PrEP knowledge, attitudes and usage among Black African communities in England

There is overwhelming evidence of the effectiveness of PrEP at preventing HIV transmission. Public Health England has credited PrEP as a key factor for the dramatic drop in new HIV diagnoses in the UK, particularly among gay, bisexual and other men who have sex with men (GBM) (PHE, 2019). Recently, it was announced by the UK government that PrEP would become routinely available across England by autumn 2020.

Despite making up less than 1.8% of the British population (ONS, 2020), Black Africans (BA) are over-represented in the rates of new HIV diagnoses every year. The latest figures showed that they constituted 44% of all new heterosexual HIV cases (PHE, 2019). This population stands to benefit from PrEP, however, there is very limited evidence answering the following questions:

  • Whether Black African communities in the UK are aware of PrEP.
  • Whether Black African communities in the UK are willing to use PrEP.
  • Whether Black African communities are currently using PrEP.
  • Whether the current and forthcoming access options are acceptable for Black African communities.
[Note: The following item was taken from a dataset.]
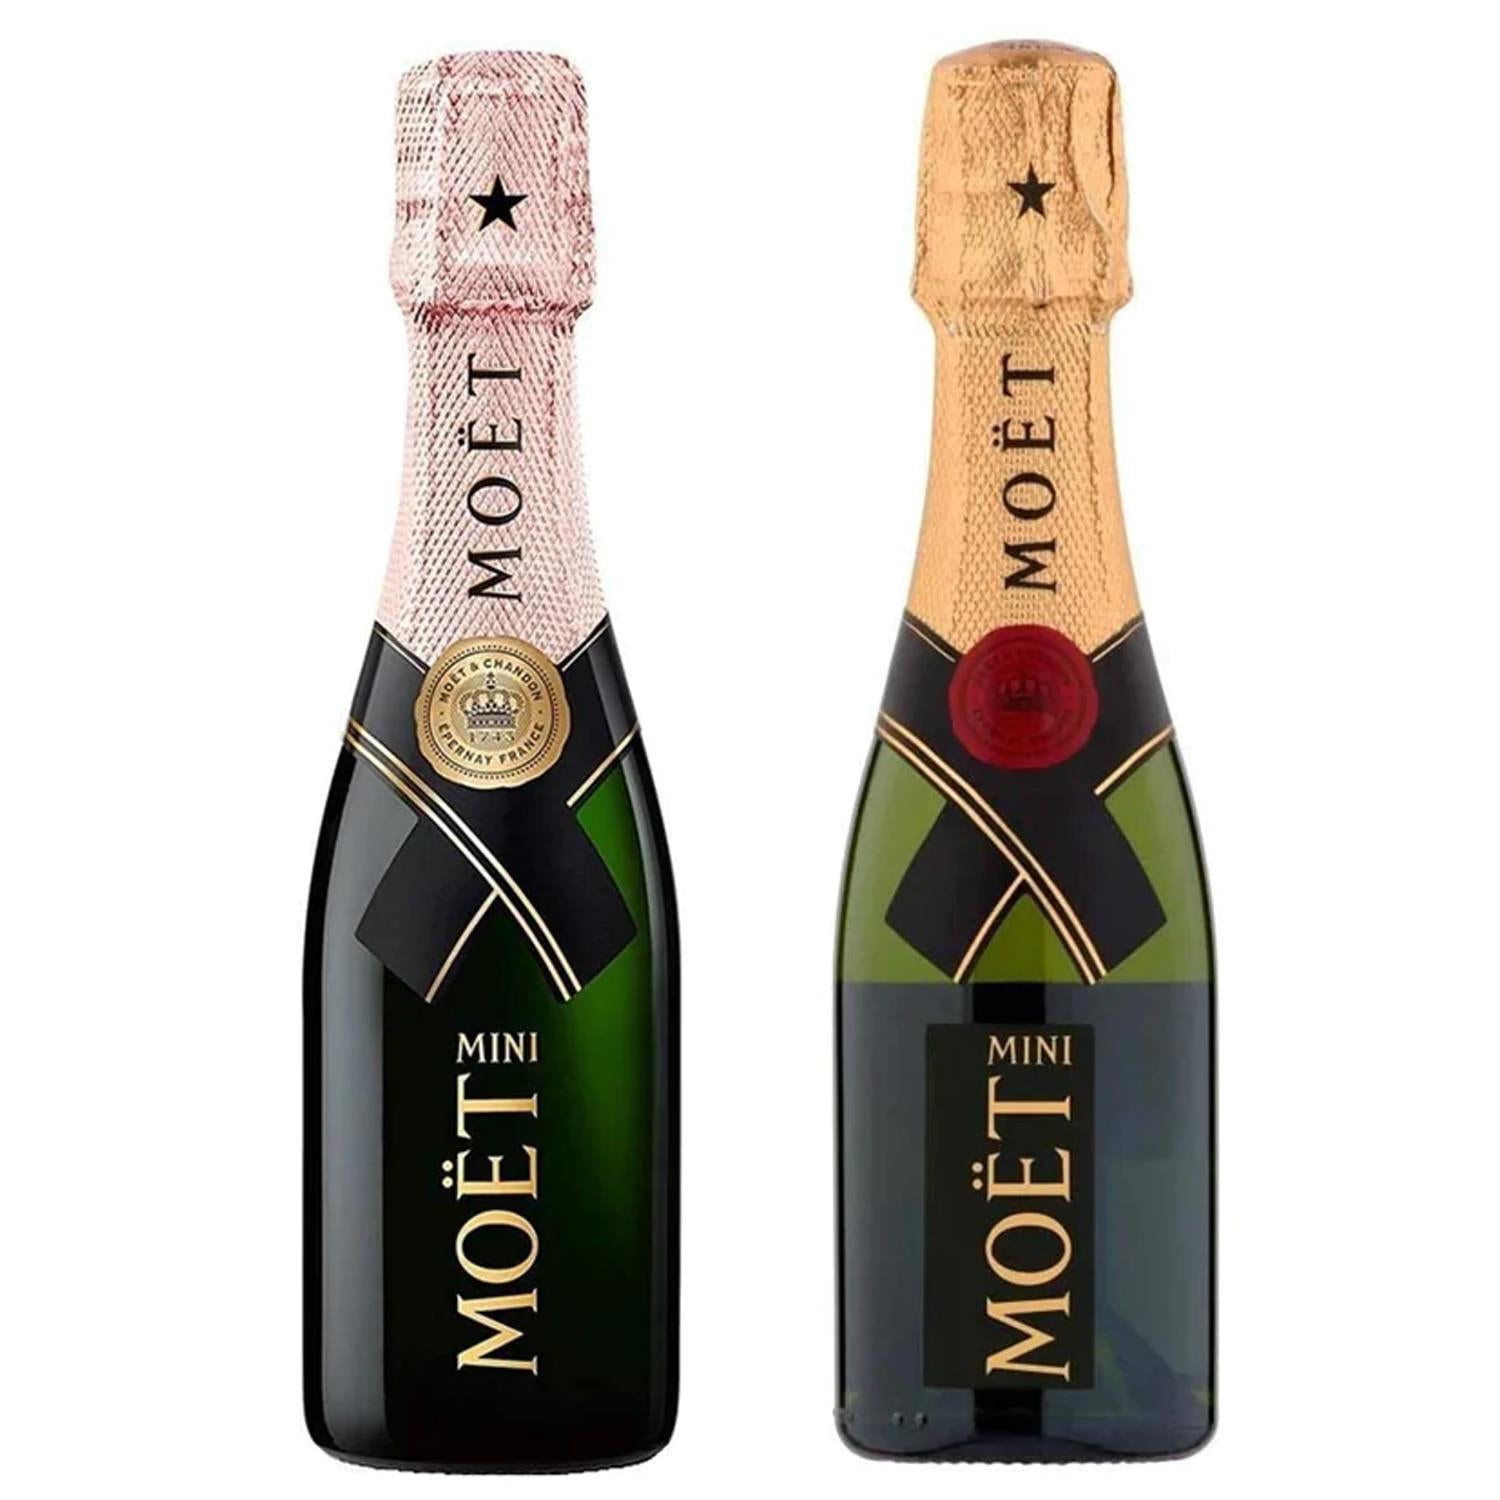 Moet & Chandon Brut Imperial NV Champagne Mini Moet Online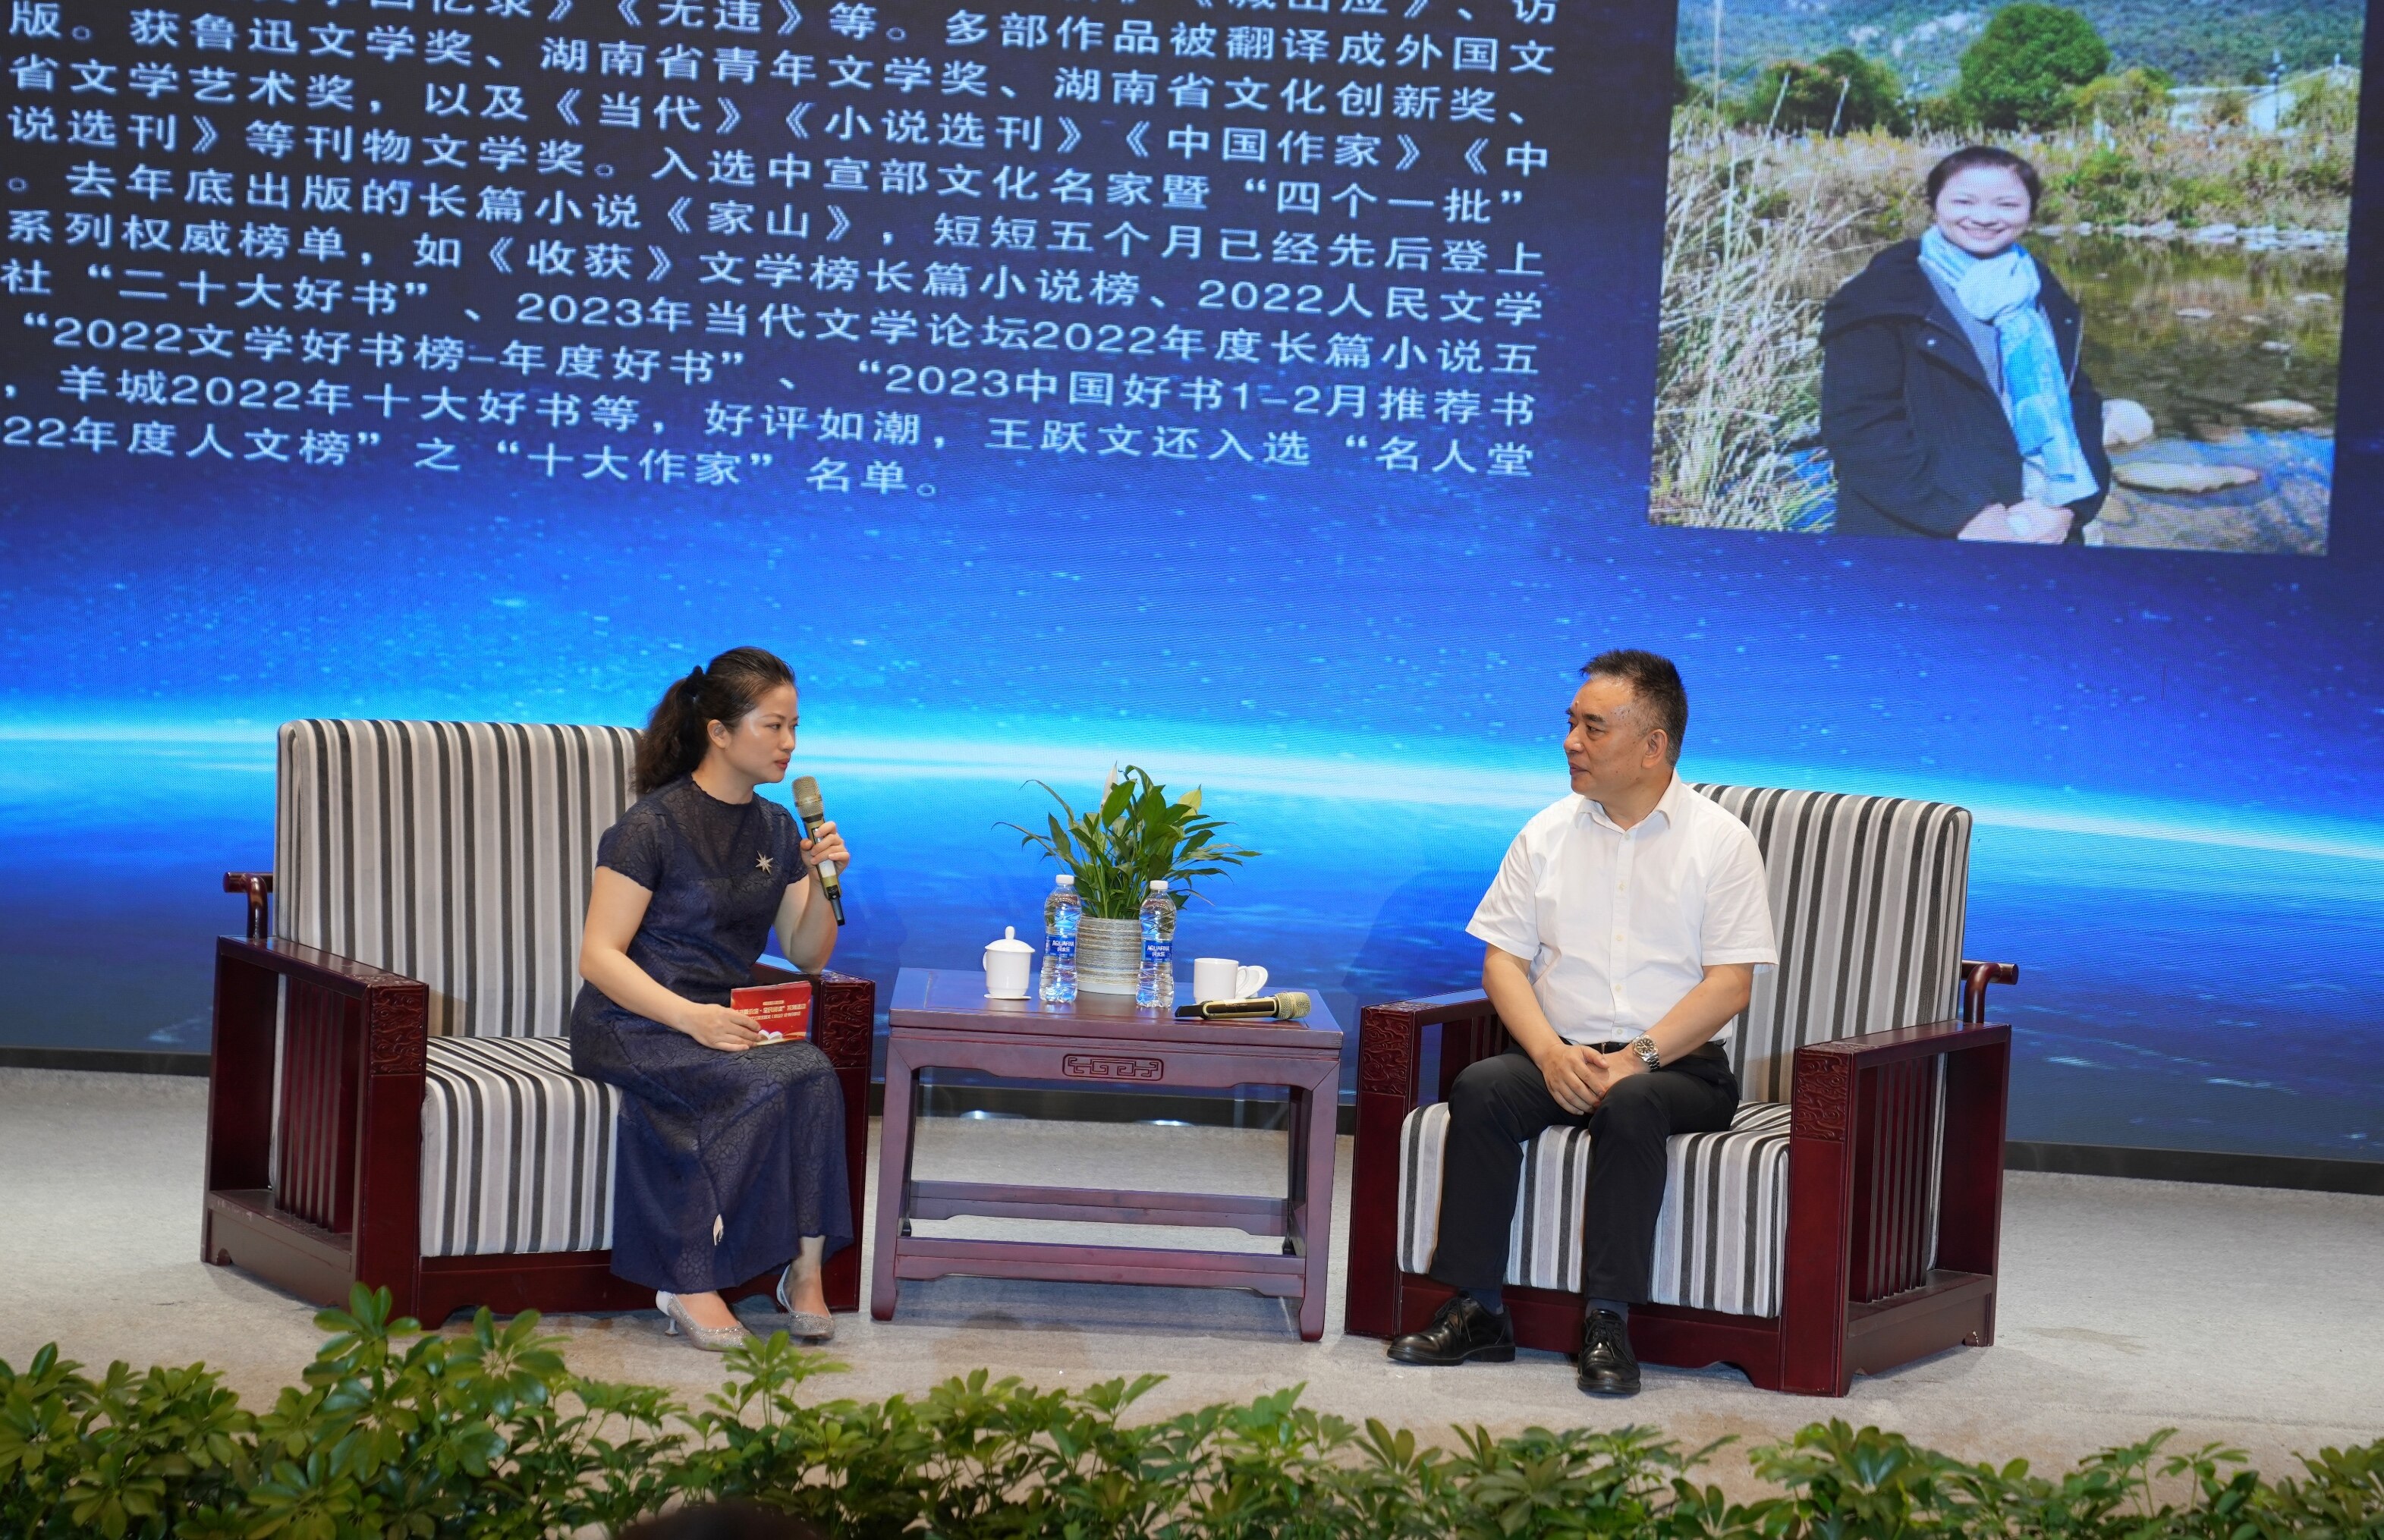 中国文联网络文艺传播中心副调研员胡艳琳女士与王跃文一起共话阅读。

To determine the knowledge of and attitudes towards PrEP in BA communities in England ahead of the rollout of routine commissioning of PrEP, HIV Prevention England (HPE) is currently reviewing available research and health promotion programme data, including HPE community and evaluation survey results and PHE innovation fund reports.

Key findings

PrEP Knowledge

Initial data suggests that knowledge of PrEP is very low among BA men and women particularly compared to GBM counterparts. HPE ran a small face-to-face community survey in 2019 for BA men and women where only 22% (15/68) people were aware of PrEP. An online survey that was run as part of the It Starts With Me (ISWM) 2019 campaign evaluation found also that just 53% (124/234) of BA had heard about PrEP before, compared to 84% (465/554) of GBM.

In some cases where BA have reported hearing of PrEP, individuals may conflate it with PEP (post-exposure prophylaxis) or believe it to be for GBM only. For example, 21% of people who said they knew what PrEP was in HPE’s face-to-face community survey had these misunderstandings (4/19).

PrEP attitudes

Once BA people know what it is and how it works, many say that they would be willing to take PrEP under certain circumstances. In the HPE community survey, when asked if they would be willing to take PrEP in a scenario where condoms were unavailable, 63% (43/68) said that they would in the following situations:

  • Where personal risk perception is high. For example, if sexual risk-taking behaviour increased or if other methods, such as condoms, were not available or individuals did not want to use them.
  • For protection (‘to be safe’) as a general precaution towards others’ unknown status.
  • Due to belief in the science, that it is effective at prevention.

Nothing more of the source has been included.